Gourmet Kosher Cooking: Winter dishes to warm the heart

Quick and easy to prepare chicken dishes that are perfect for cold, rainy days.

Affogato (photo credit: GOURMETKOSHERCOOKING.COM)
For us New Yorkers, the winter and our appetite for hearty and warm meals seems never ending. I’ve already exhausted the recipes for slow braised beef and lots of winter soups. Now I’m ready for some quick winter dishes that soothe the body and warm the heart. These chicken dishes are super flavorsome and each have a hint of sweetness that fit the bill. They are also quick and easy to prepare. And I had to include a fantastic winter time dessert, affogato. It's awesome to enjoy while sitting by the fire or watching the snow fall.
Maple and Apple Glazed Chicken
Serves 6
2 pounds skin-on, bone-in chicken breasts, cut into large chunks
Kosher salt
2 tablespoons olive oil
2 apples (1 red, 1 green), cored and cut into wedges
8 medium shallots, quartered lengthwise
1/4 cup fresh sage, torn
1/2 cup chicken broth
1/4 cup maple syrup
1/4 cup apple cider vinegar
Pat the chicken dry and season all over with salt. Heat a large heavy skillet over high heat and add the olive oil. When the oil is hot, add the chicken skin-side down and cook, undisturbed, until the skin is browned and crisp, about 5 minutes.
Turn the chicken and add the apples, shallots and sage to the skillet. Reduce the heat to medium high and cook until the chicken is browned on the bottom, 4 to 5 minutes. Transfer the chicken to a plate and continue to cook the apples and shallots, stirring, until golden, about 2 more minutes.
Meanwhile, make the glaze: Mix the chicken broth, maple syrup, vinegar and 1/2 teaspoon salt in a small bowl. Add the mixture to the skillet with the apples and shallots and boil until reduced by about three-quarters, 2 to 3 minutes. Return the chicken to the skillet, turning to coat, until cooked through, about 2 more minutes.
Braised Chicken with Spiced Tomato
Serves 8
4 tablespoons canola oil
6 chicken thighs
6 chicken legs
Kosher salt
¾ cumin
1 teaspoon crushed red pepper (or less if you do not like spicy)
1 large white onion, peeled, halved and thinly sliced
1 inch piece ginger, peeled and grated (about 3 teaspoons)
6 garlic cloves, peeled and halved lengthwise
1 (28-ounce) can whole, peeled tomatoes
2 cinnamon sticks
4 bay leaves
Water, as needed
Heat the canola oil in a large skillet over high heat. Drizzle the chicken with salt and when the oil is hot, carefully add the chicken to the oil. Do not overcrowd the pan. Resist the temptation to move or turn the pieces. Allow them to brown on their first side, about 3 to 5 minutes. Use tongs to turn the chicken pieces to sear their second side, about 3 to 5 minutes. Transfer the chicken to a tray and set it aside. 

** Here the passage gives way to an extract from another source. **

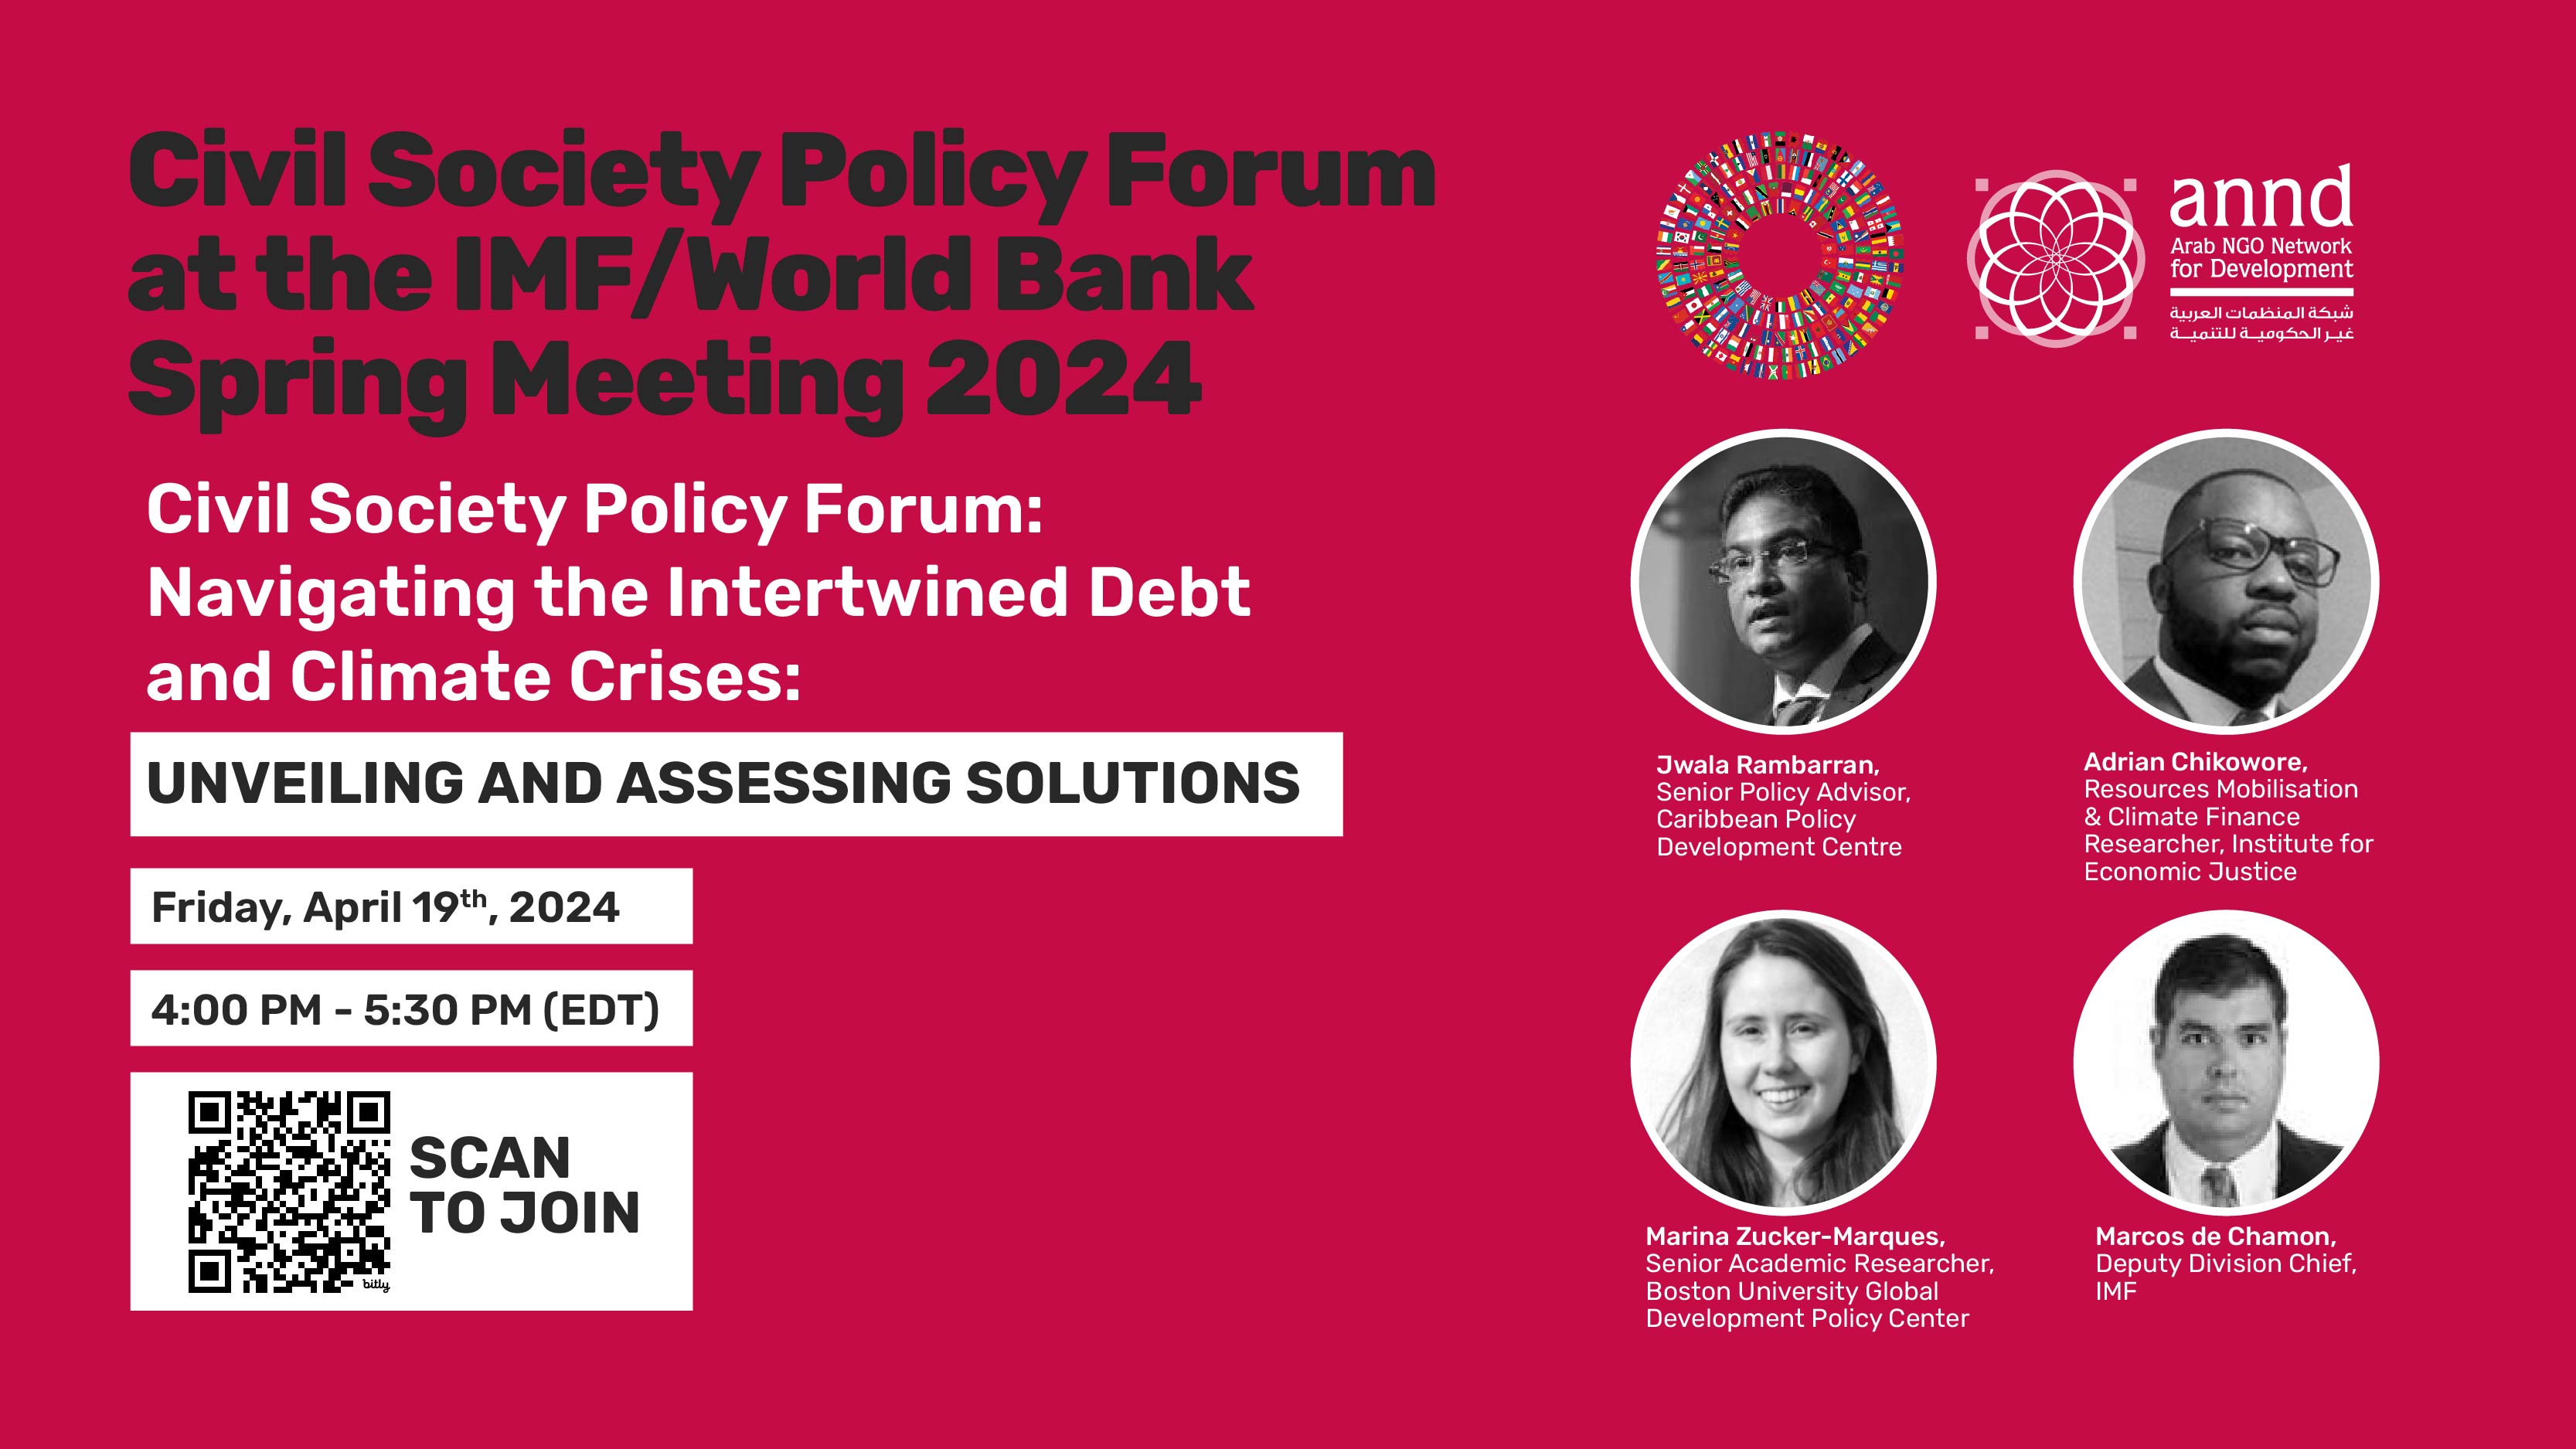 CSPF at IMF/World Bank Spring Meetings 2024

In the same skillet, add the cumin and chili flakes, stirring rapidly to give them a quick toast, about 10 to 15 seconds. Add the onions, ginger and garlic and stir to combine. Add some salt, to taste, then add the tomatoes, cinnamon, and bay leaves. Allow the mixture to cook and all the flavors to come together, about 10 minutes. Add the chicken back to the pan, keep the heat low and continue cooking until the chicken is cooked through, 30 to 45 minutes. If the sauce becomes overly thick or begins to stick to the bottom of the skillet, feel free to add some water, about 1/2 cup at a time.
Serve with rice.
Serves 1
2 scoops ice cream
Shot of espresso or coffee (about 3 tablespoons, decaf or regular)
Shaved chocolate, cookie crumbs, nuts or any topping
Place scoops of ice cream (coffee, chocolate or vanilla) in a coffee cup, then pour in espresso or coffee. Top with shaved dark chocolate and chopped nuts.